Given data

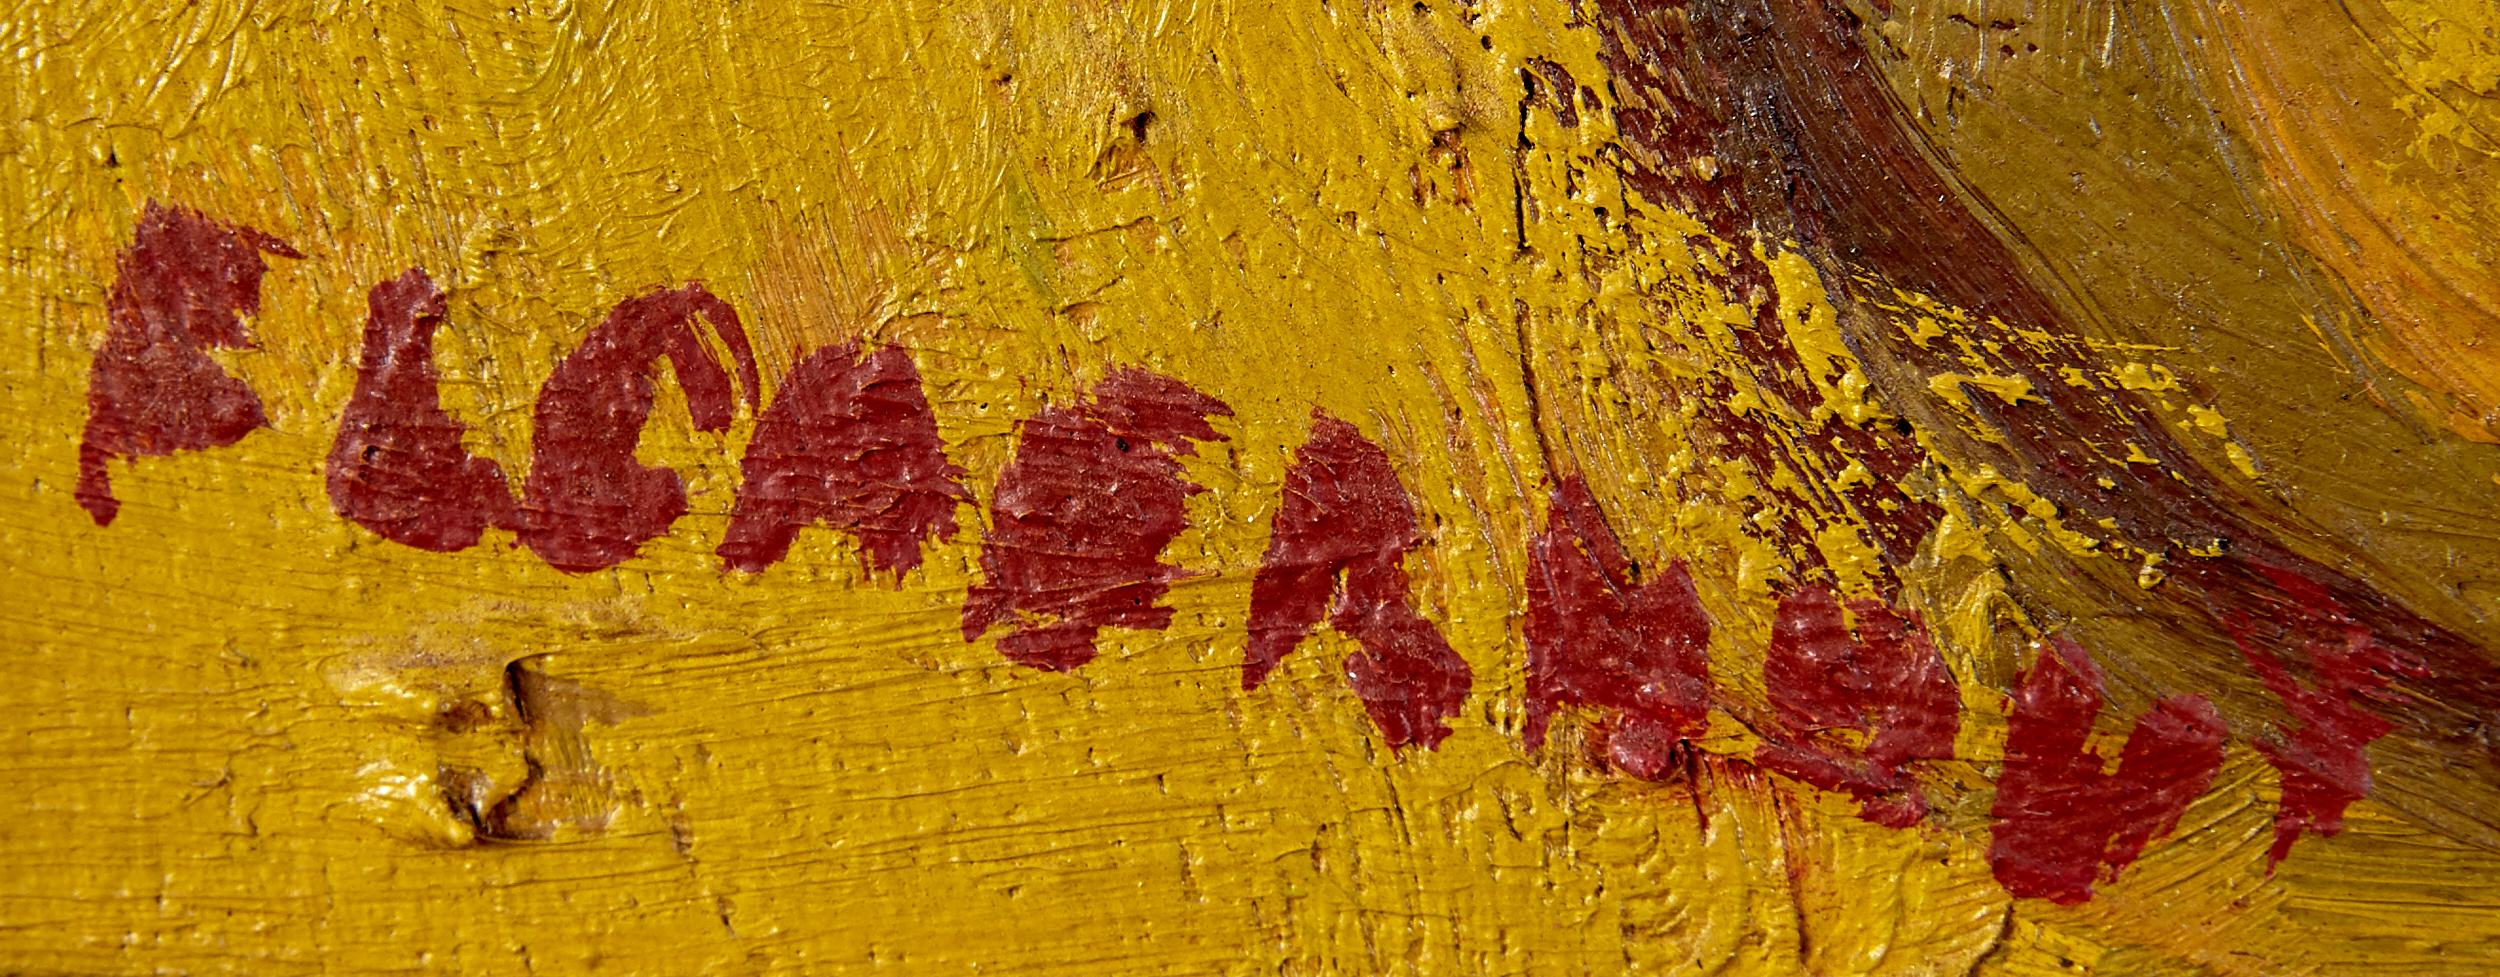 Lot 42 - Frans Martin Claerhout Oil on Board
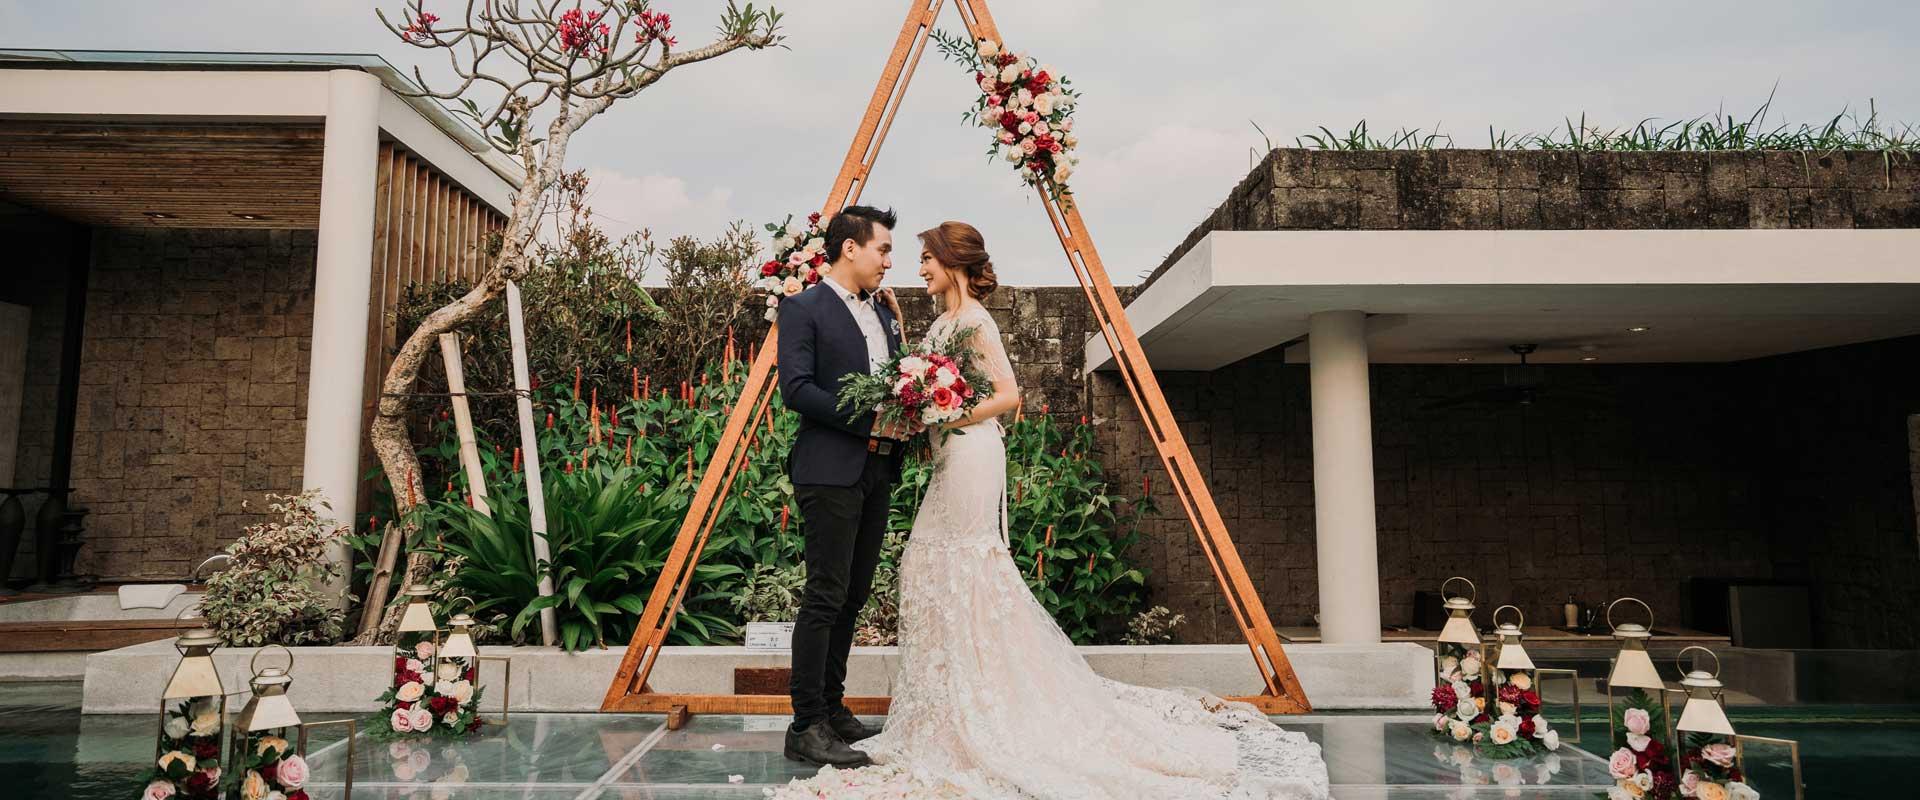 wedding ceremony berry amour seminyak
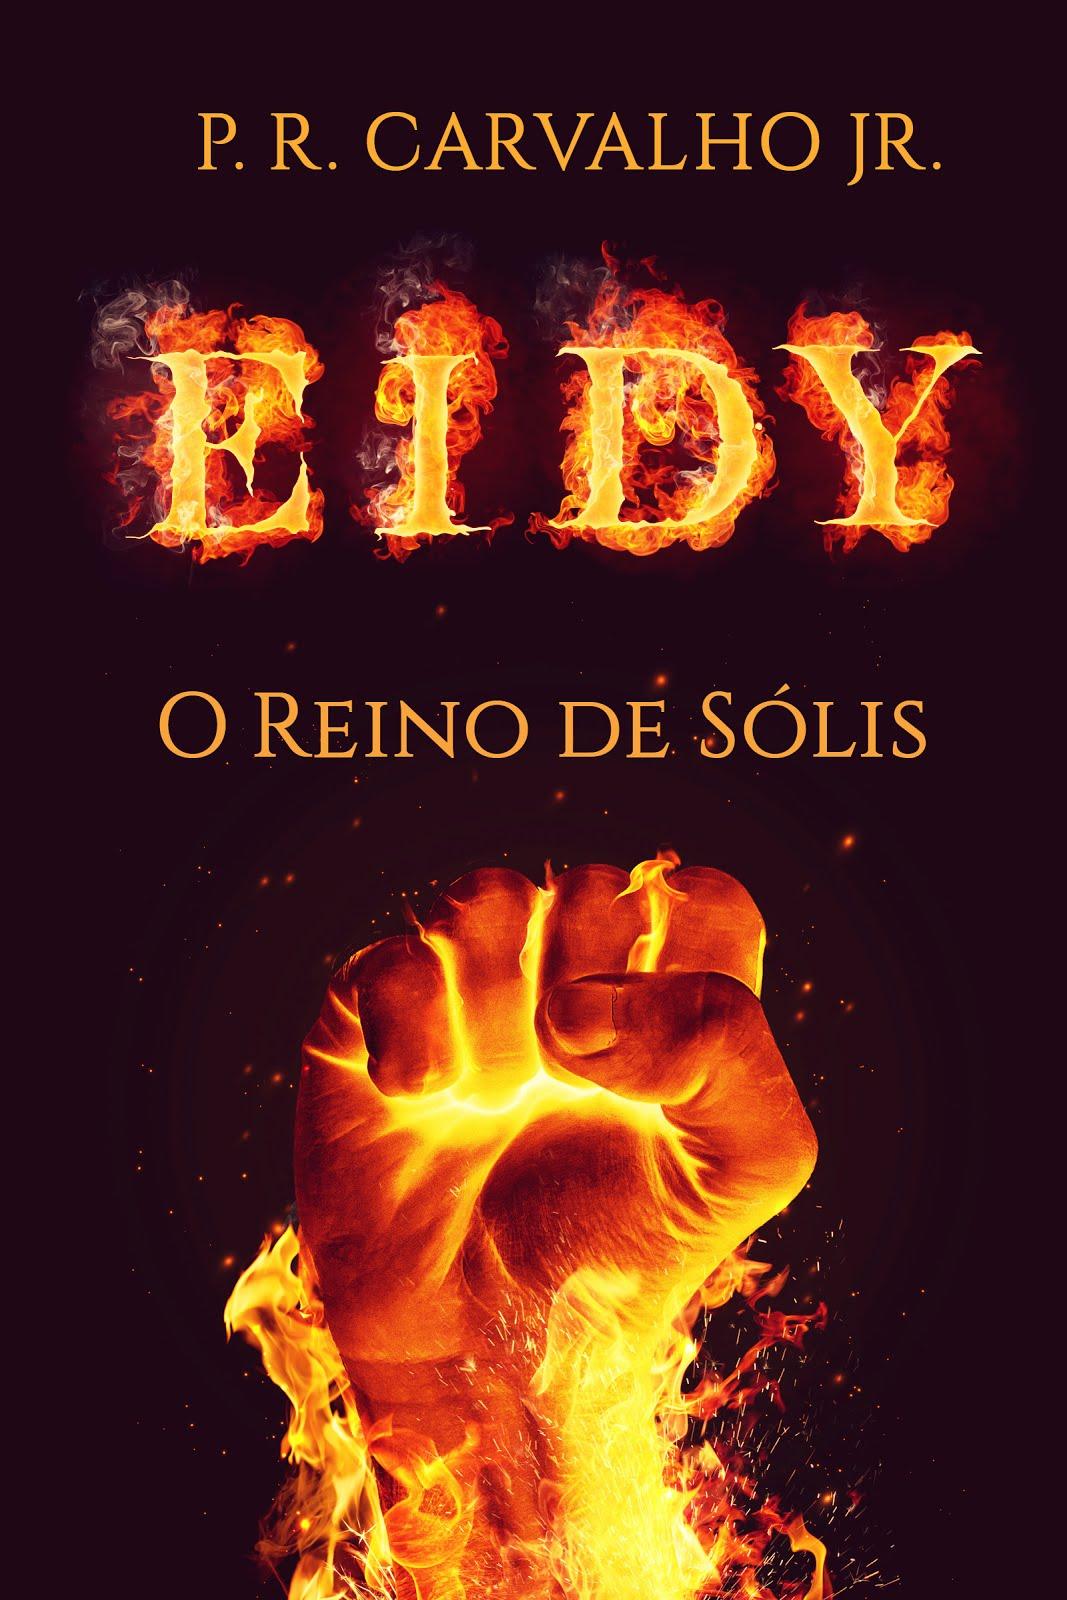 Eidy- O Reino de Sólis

Try it
Restate word for word the lines from the one containing "wedding ceremony berry amour seminyak" through the end of the material above, both included, and nothing besides; drop the pictures.

Response to the exercise
 wedding ceremony berry amour seminyak
 Eidy- O Reino de Sólis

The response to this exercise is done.